WORK REQUIRED: The data below is to be transcribed word for word; pictures are to be excluded.

PROVIDED DATA:
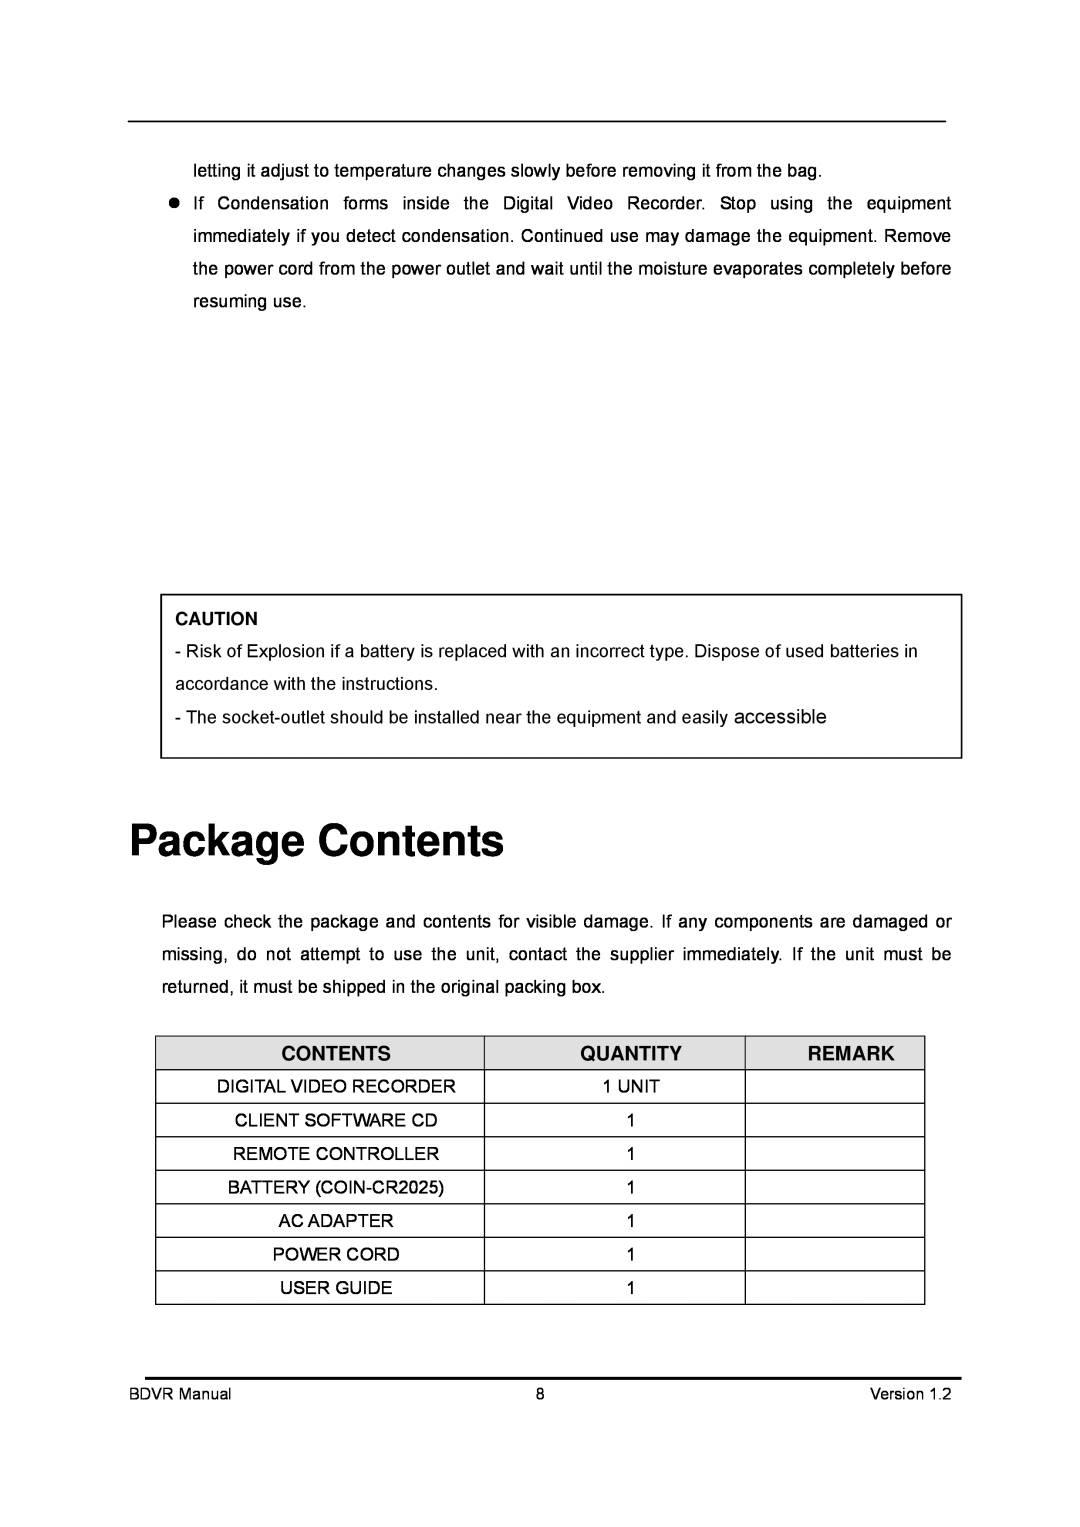 Genie BDVR-8, BDVR-16, BDVR-4 manual Package Contents, Quantity, Remark 
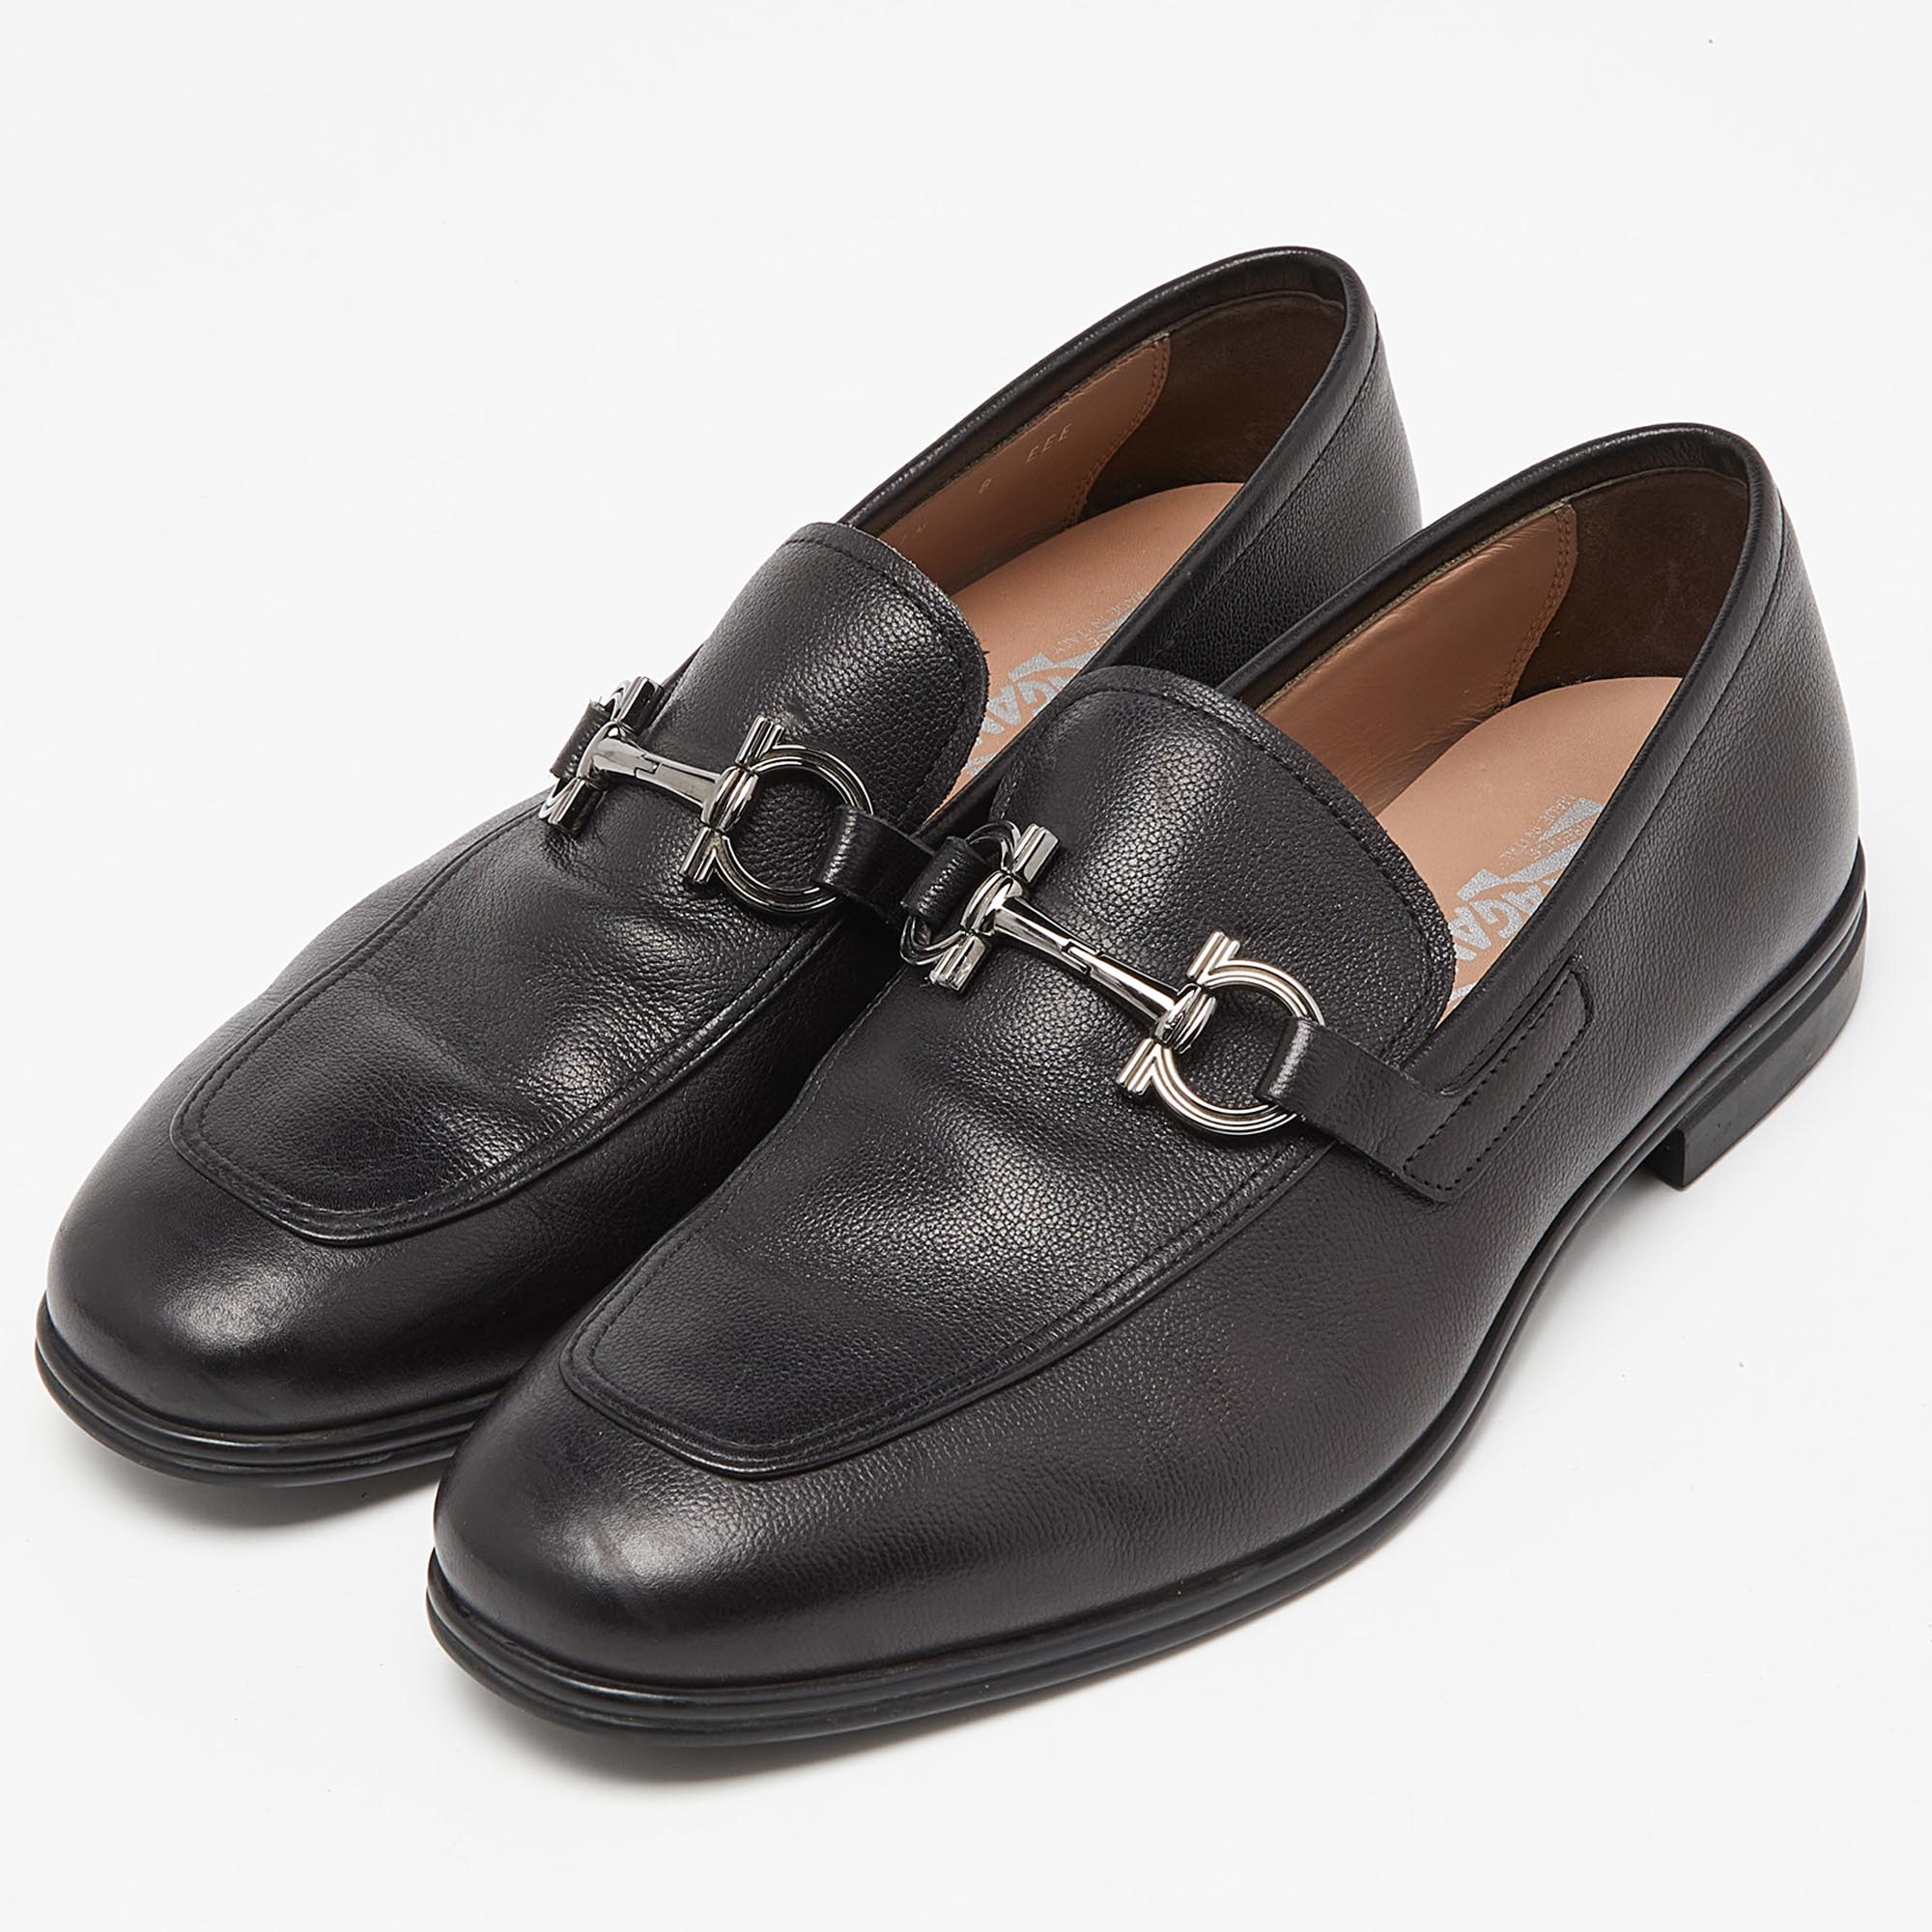 

Salvatore Ferragamo Black Leather Horsebit Slip On Loafers Size
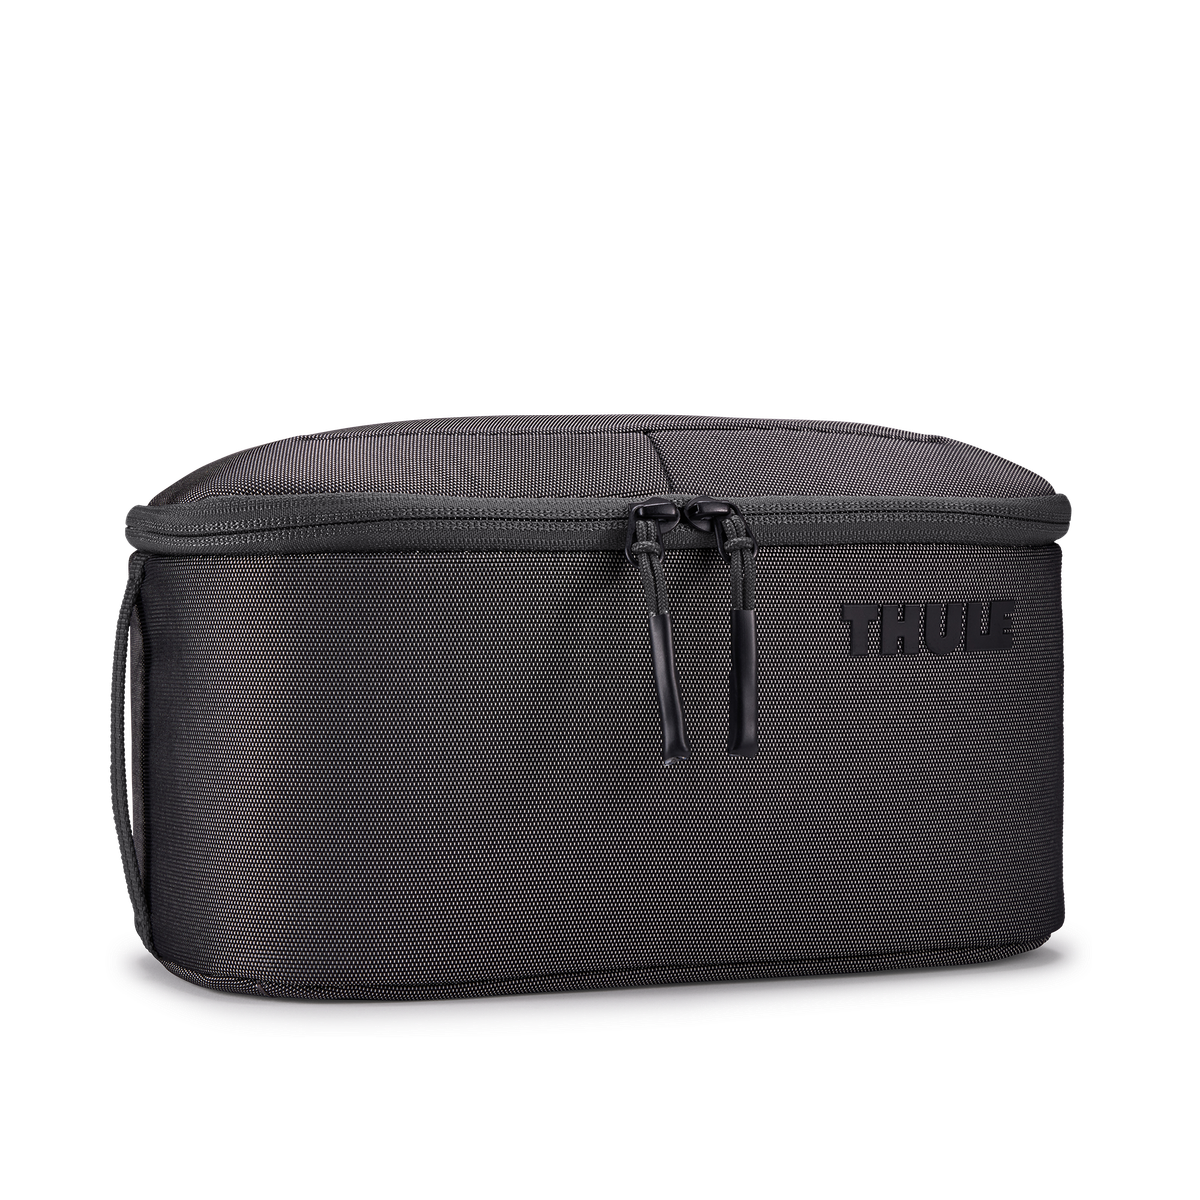 Thule Subterra 2 toiletry bag Vetiver gray

RESULT BELOW:
 Genie BDVR-8, BDVR-16, BDVR-4 manual Package Contents, Quantity, Remark 

Salvatore Ferragamo Black Leather Horsebit Slip On Loafers Size
 Thule Subterra 2 toiletry bag Vetiver gray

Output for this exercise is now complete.